Dalla parte di Keylor Navas

Il portiere costaricano è considerato un miracolato, eppure è uno dei giocatori più vincenti della storia recente.

Miralem Pjanić, da fuori area, indirizza all’angolino con precisione sopraffina, ma prima di potersi insaccare in fondo alla rete il pallone fa conoscenza con la mano destra di Keylor Navas: sono i primissimi minuti di Juventus-Real Madrid, finale della Champions League 2016-17, e i bianconeri di Allegri stanno premendo per trovare il gol del vantaggio contro i campioni in carica. La disdetta delle parate è che passano spesso in secondo piano, specialmente quando il risultato finale è molto largo: finirà 4-1 per il Real, sarà la partita di Cristiano Ronaldo – autore di una doppietta – e dell’astro nascente Marco Asensio. Non quella di Keylor Navas.

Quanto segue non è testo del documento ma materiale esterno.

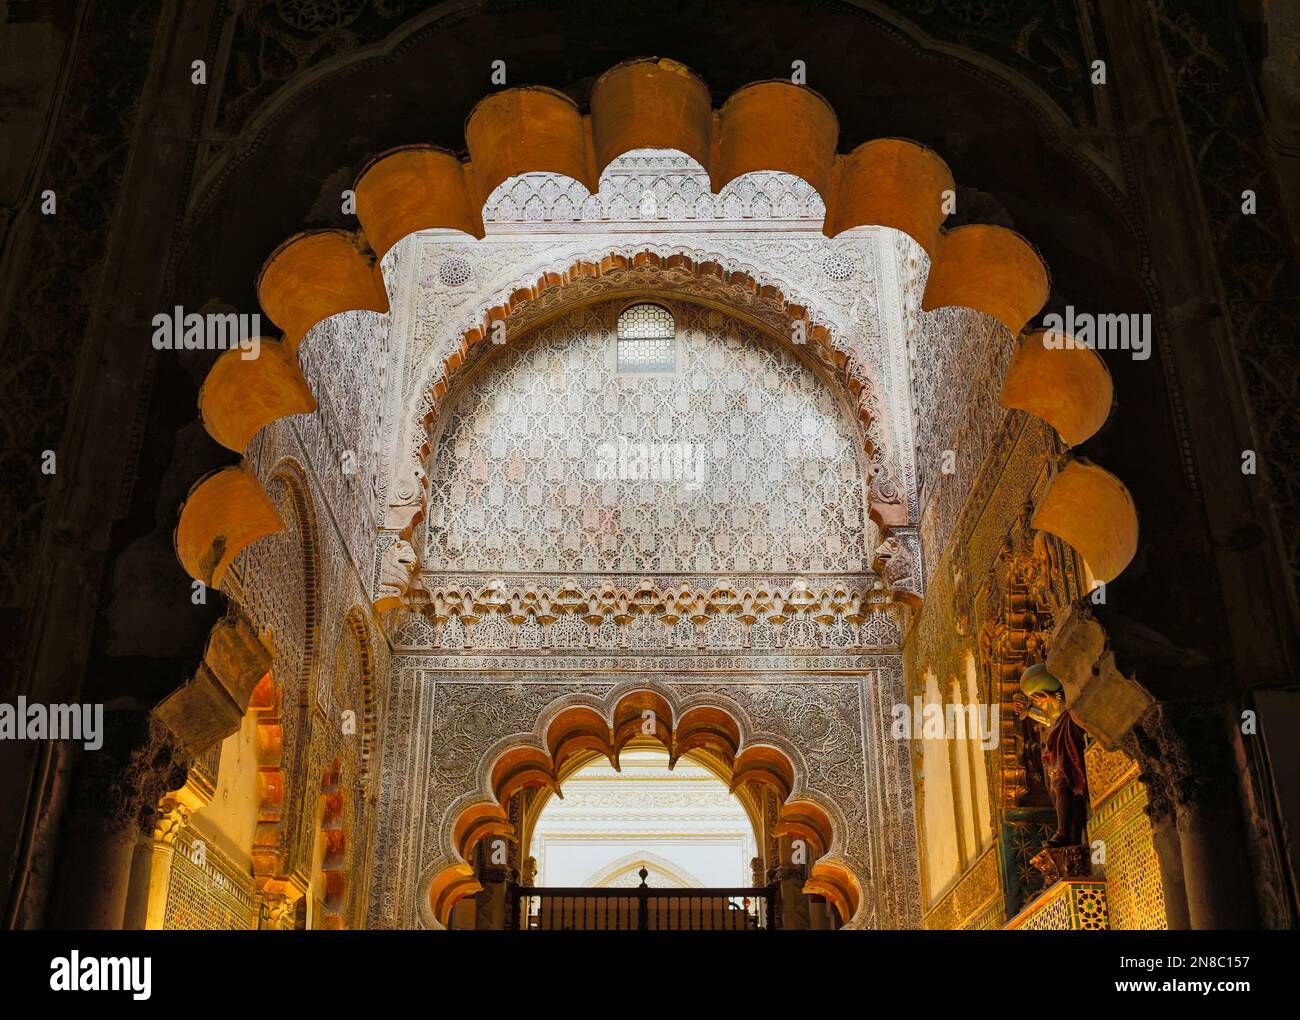 Éléments architecturaux mauresques. Intérieur de la Grande Mosquée de Cordoue ou la Mezquita, Cordoue, province de Cordoue, Andalousie, sud de l'Espagne. Le salut Banque D'Images

Vogliamo fare un po’ di retorica? Facciamola: la storia di Navas potrebbe stare tutta qui, in questo paragrafo. Fa qualcosa di decisivo, ma nessuno se ne accorge, e alla fine i meriti vanno tutti agli altri. Pochi mesi dopo, Frédéric Hermel scrive su As che Keylor Navas «è stato sottovalutato troppo a lungo», e cita proprio a quella parata. Ma come sarebbe a dire “sottovalutato”? È veramente possibile sottovalutare un portiere con il suo curriculum?

Cinque stagioni come numero uno del Real Madrid, ma di fatto è titolare solamente in tre, le stesse tre in cui i Blancos hanno vinto le loro ultime Champions League. Cinque stagioni in cui ha totalizzato 162 presenze, ha subito solamente 159 gol e ha tenuto per 50 partite la porta inviolata, se vi eccitano le statistiche. Di nuovo cinque: il numero dei colleghi che, nella storia del calcio, hanno vinto altrettante Champions League o Coppe dei Campioni; di questi, solo uno ha giocato negli ultimi trent’anni (Víctor Valdés), e solo un altro era del Real (Juanito Alonso, che ha vinto le prime tre edizioni del torneo e, guarda caso, è un altro di cui non si ricorda nessuno, nascosto dalle tante grandi individualità di quella squadra). Aggiungiamo che le percentuali di parate di Navas sono tra le più alte d’Europa tra i top club, che è particolarmente abile nel neutralizzare i rigori, e visivamente è uno dei portieri più spettacolari e atletici del calcio mondiale.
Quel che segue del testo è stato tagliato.